A cache is a software component that stores data so that future requests for that data can be served faster. Caches are commonly used to improve performance and reduce latency in various applications, including web browsers, databases, and operating systems.

Types of Caches

  1. Memory Cache: Stores frequently accessed data in RAM for quick retrieval.
  2. Disk Cache: Stores data on a hard drive or SSD to reduce access times for frequently used files.
  3. Web Cache: Stores web pages and resources to reduce bandwidth usage and load times.
  4. Database Cache: Caches query results to speed up database access.
  5. CPU Cache: A small-sized type of volatile memory that provides high-speed data access to the processor.

Cache Strategies

  1. Write-Through Cache: Data is written to both the cache and the underlying storage simultaneously.
  2. Write-Back Cache: Data is written to the cache first and then to the underlying storage at a later time.
  3. Least Recently Used (LRU): Evicts the least recently accessed items when the cache is full.
  4. First In First Out (FIFO): Evicts the oldest items first when the cache is full.
  5. Time-to-Live (TTL): Items in the cache are assigned a lifespan, after which they are automatically removed.

Cache Invalidation

Cache invalidation is the process of removing or updating cached data when it becomes stale or outdated. Common strategies include:

  1. Manual Invalidation: Explicitly removing or updating cache entries.
  2. Automatic Invalidation: Using TTL or other mechanisms to automatically remove stale data.
  3. Event-Driven Invalidation: Invalidating cache entries based on specific events, such as data updates.

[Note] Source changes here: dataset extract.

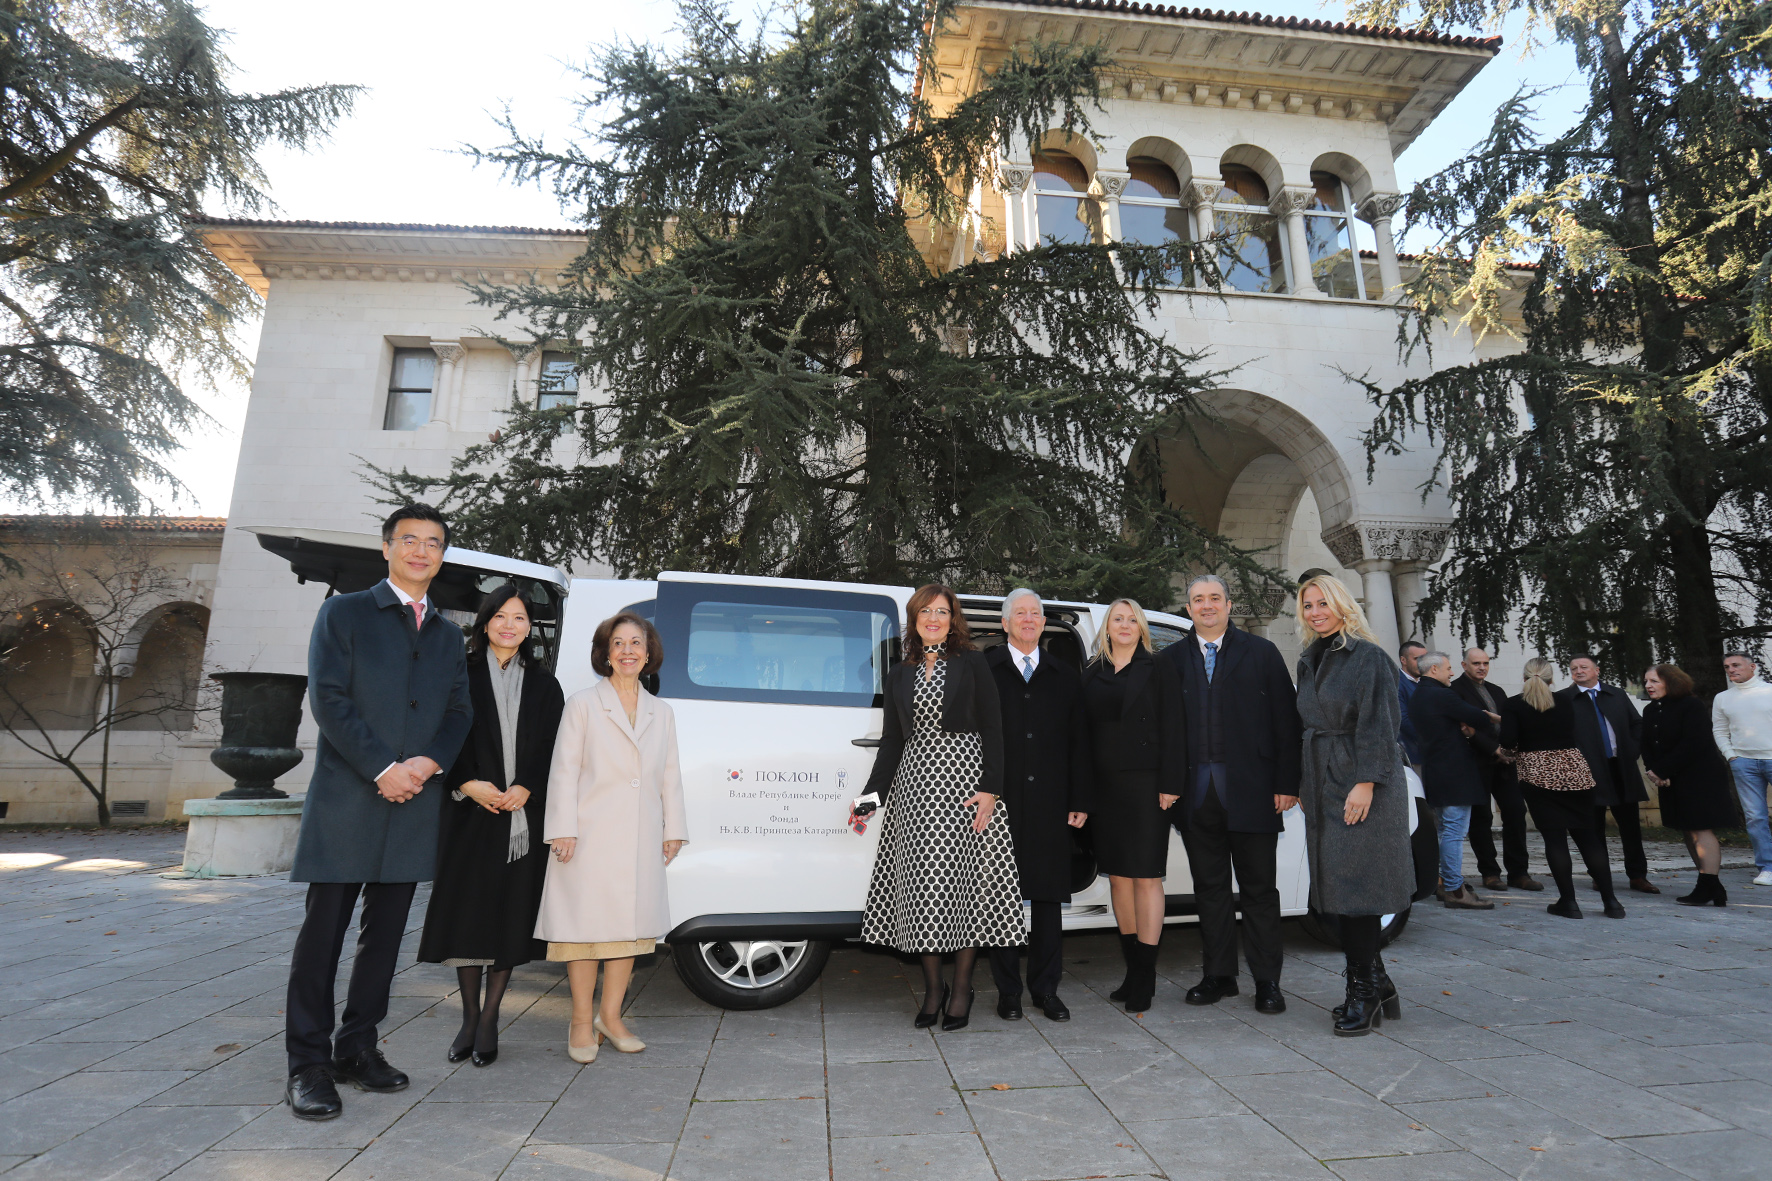 REPUBLIC OF KOREA AND CROWN PRINCESS DELIVER AID TO SERBIAN HOSPITALS

Why you need to know this?

This pattern should be used often. However you need make sure you always have an invalidation mechanism in place to avoid serving stale data. Usually the most simple invalidation mechanism is to use a Time-to-Live (TTL) strategy, where cached data is automatically removed after a certain period. Imagine the cache expires after 2h or something like that.

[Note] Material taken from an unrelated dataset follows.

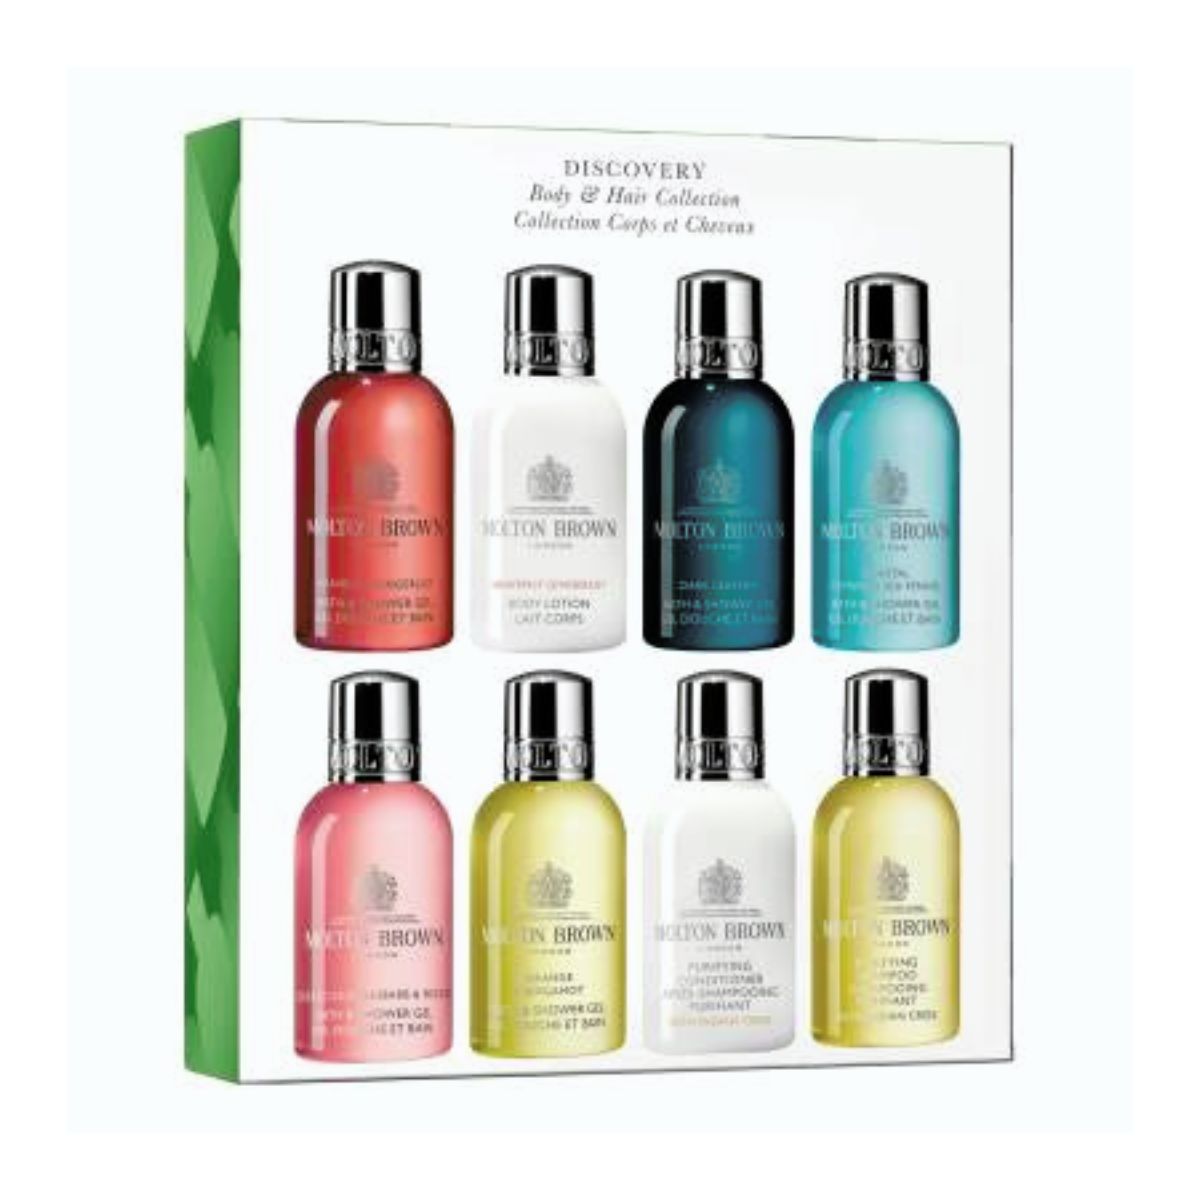 Molton Brown Discovery Body & Hair Collection SAVE 33%

Backend system should have cache to protect from database latency in case of slow queries or high traffic. Even if you call a downstream dependency that is slow, or a 3rd party API which is also slow you should cache as much as possible.

This pattern not only reduce latency but improves the user experience as well. IF the users see everything happens pretty fast they will be more happy rather than if everything is slow. But you might argue, OH, the first call will always be slow. Well for that case you can pre-warm the cache and make the call before the user need.